Id. Although Meyer limited tenants' remedies under statutory covenants of habitability, it did not eliminate claims by tenants for injuries from specific building code violations of which the landlord is unaware. As the supreme court has stated, a "statute or ordinance imposes a fixed duty of care, so its breach constitutes conclusive evidence of negligence." Pacific Indem., 260 N.W.2d at 559.
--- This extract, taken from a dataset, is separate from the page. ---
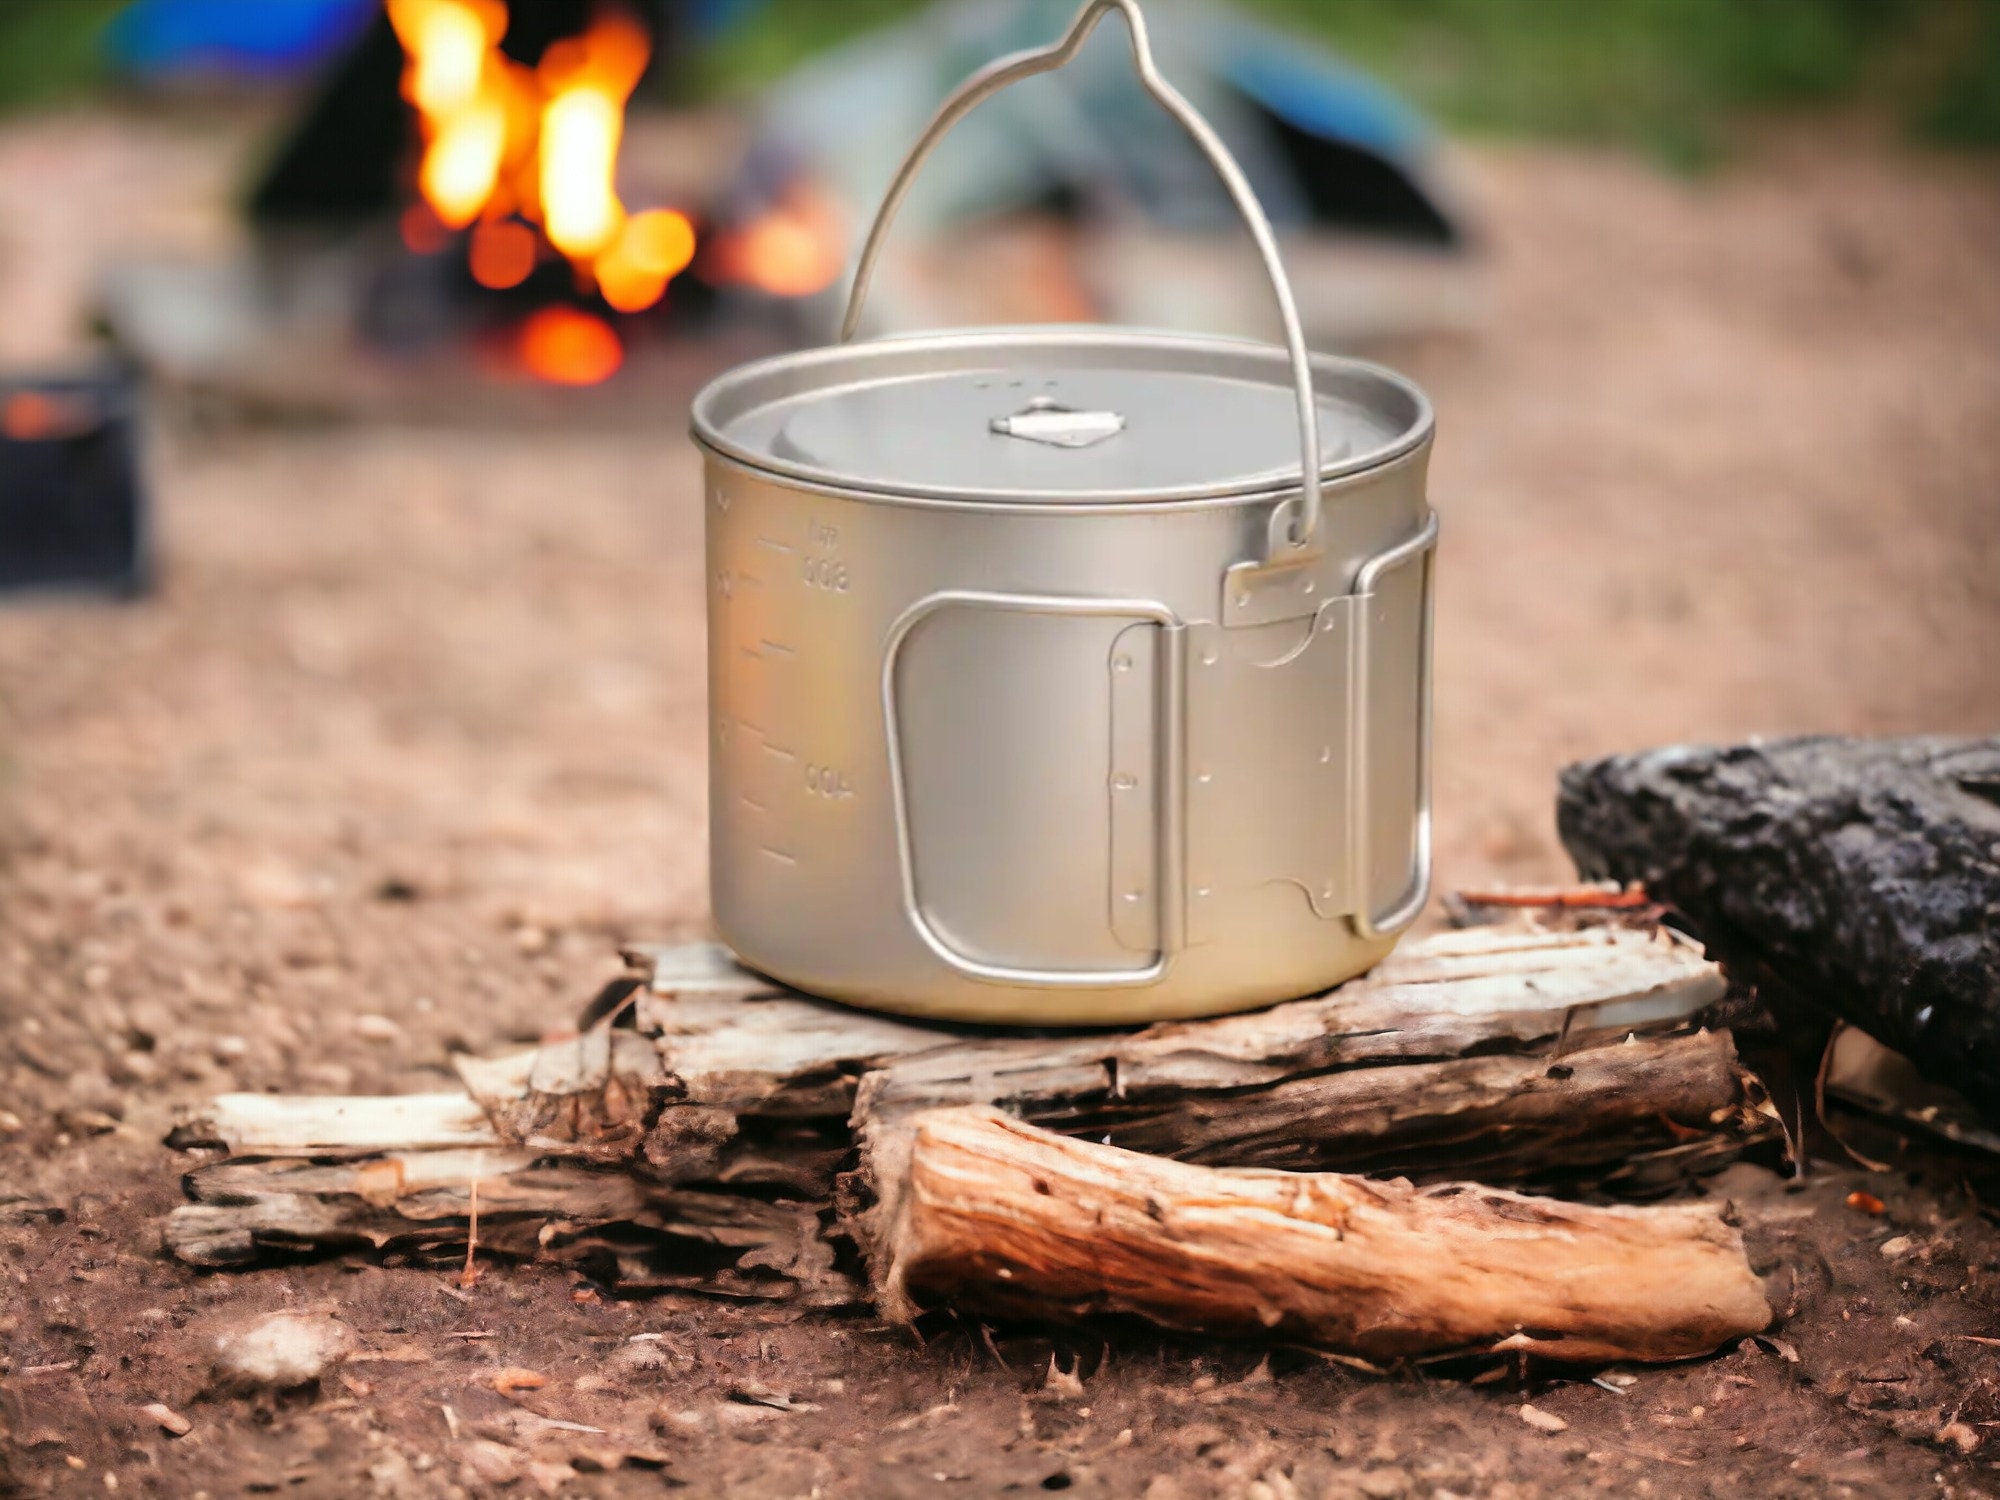 Adventure Cook Set For Four, 2.6 QT Camping Cookware

In Oakland, 420 N.W.2d at 249, the tenant's guest sued the landlord for injuries she sustained from a fall down the basement steps. An architect, who inspected the basement steps, stated that the stairway violated "every recognized design standard for each and every one of its component parts," including the applicable building code. Id. at 250, 252. The Oakland court's analysis focused on the narrow issue of whether the covenant of habitability and the building code affect a landlord's duty to warn a tenant's guest of a known defect. The court applied the common law rule that the landlord has no duty to warn of known defects, concluding it was the tenant's duty to warn its guest of the dangerous basement steps. Id. at 251. Furthermore, the court stated that the covenant of habitability and the building codes do not impose on the landlord a duty to warn the tenant's guest when the tenants also know of the hazardous condition. Id. at 252. Under Oakland, Willow Run would have owed no duty to warn Bills of code violations that create obviously dangerous conditions. In this case, however, the code violations resulted in hidden or unanticipated dangers.

DECISION

Minnesota courts have unequivocally ruled that a code violation is negligence per se when the violation results in the harm the code was designed to prevent. Here, Willow Run's counsel admitted there was evidence of a building code violation and there was expert testimony that the code requirements were intended to prevent injuries from falls on steps. Having established negligence per se, there is sufficient evidence to present a factual question to the jury of whether the code violations created a hidden or unknown danger which proximately caused Bills's injuries. See Raymond, 282 Minn. at 113, 163 N.W.2d at 54 (where code violation is negligence per se, factual issue exists as to whether violation proximately caused injuries). We reverse and remand because a verdict in favor of Bills would not be manifestly contrary to the evidence or the law. See Claflin, 487 N.W.2d at 247, 251 (reversing directed verdict).

Reversed and remanded.

NOTES

[1] The trial court admitted into evidence the 1973 version of the UBC. We find no difference between the 1970 and 1973 versions of section 3305(c). Section 3303(h) of the 1970 version allows only one inch between the doorway threshold and landing, whereas the 1973 version of section 3303(h) allows two inches. See UBC § 3303(h) (1970); UBC § 3303(h) (1973).